Small team, big leverage: how AI changes the right team size
Why a $5M services business with AI might not need to grow to 30 people the way the playbook used to say it should.
The old growth playbook said: $5M revenue means 25–35 staff in a services business. Hire ahead of revenue. Build the org chart you would need at $10M before you get there.
That playbook is breaking. The $5M services businesses we work with now run with 12–18 staff and look profoundly different inside than they did three years ago.
What's changed
Most of the admin layer of a services business — first-touch, scheduling, follow-up, billing chase, basic reporting — is now handled by agents. The staff that is left is more senior, better paid, and doing more interesting work.

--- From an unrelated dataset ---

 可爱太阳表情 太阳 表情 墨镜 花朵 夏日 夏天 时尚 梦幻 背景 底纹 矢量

The trade-off: smaller team, higher per-head pay, much higher per-head leverage. EBIT margins on a $5M services business have moved from 12–18% (with old playbook) to 22–32% (with the new shape).

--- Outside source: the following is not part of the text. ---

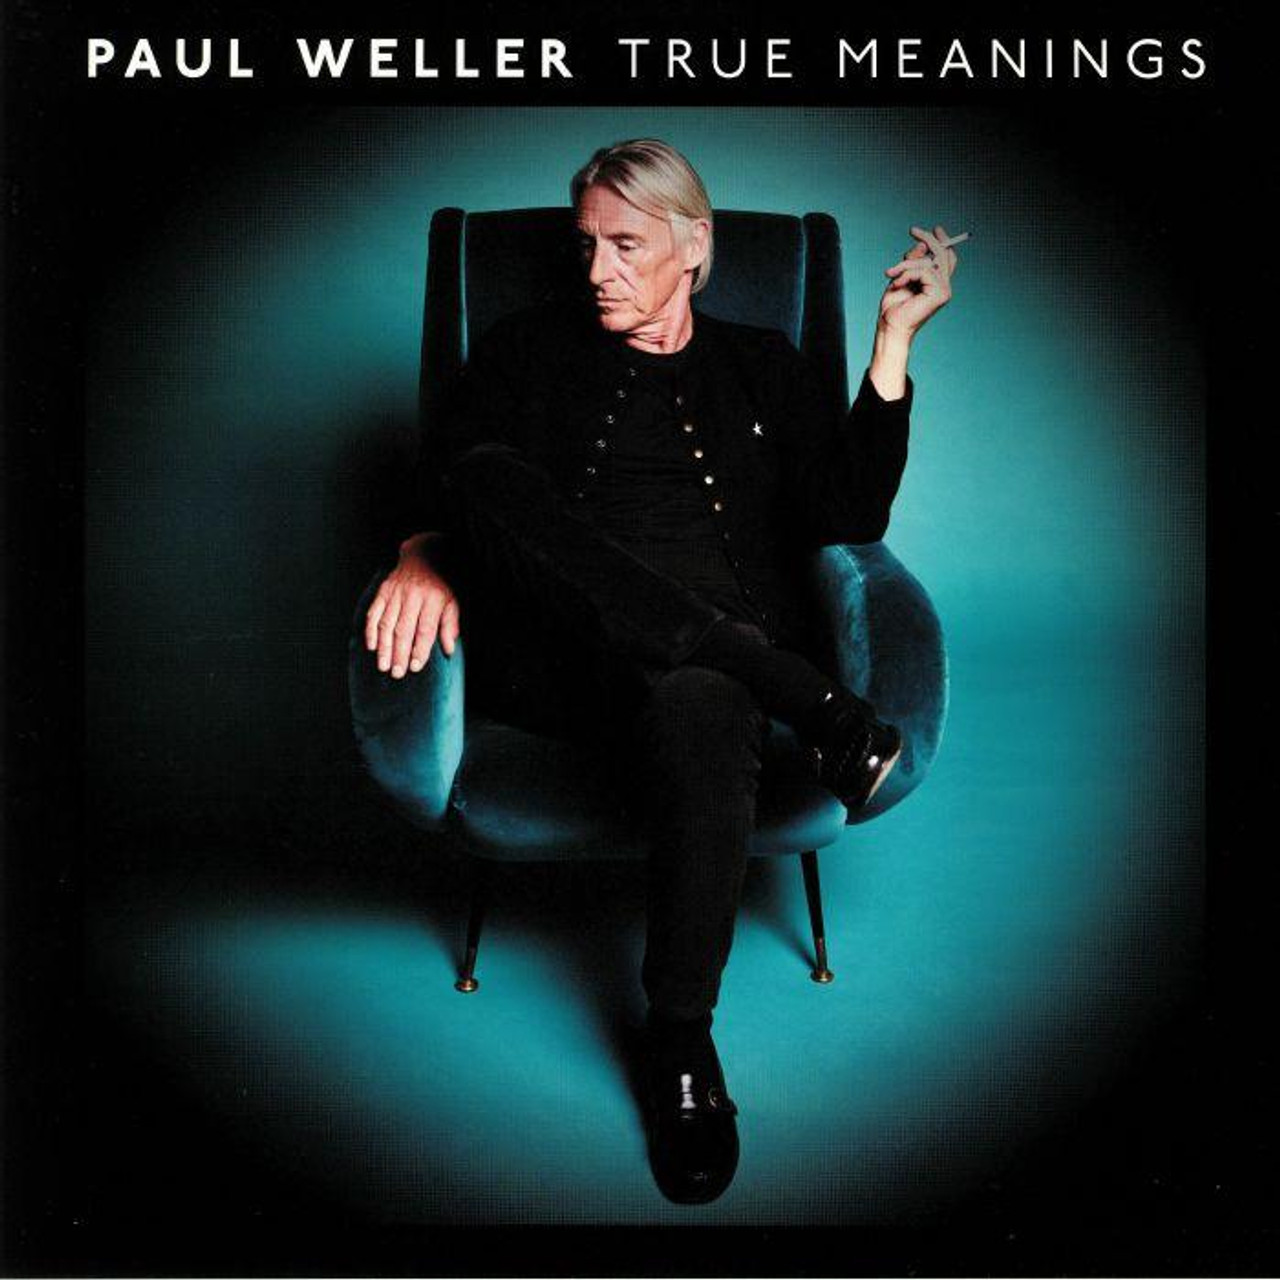 True Meanings by Paul Weller

What this means for hiring
We tell operators: don't hire the next admin. Hire the next senior. Move the admin onto the systems. The seniors you bring in expect AI to be everywhere; if your business doesn't have it, the good ones won't take the role.
Small team, high pay, AI underneath. That is the new shape of a profitable services business.
When this doesn't apply
Trades businesses with vans on the road still need the vans and the people in them. The leverage shows up in the office, not on site. A $5M plumbing business will still have 14–18 vans regardless.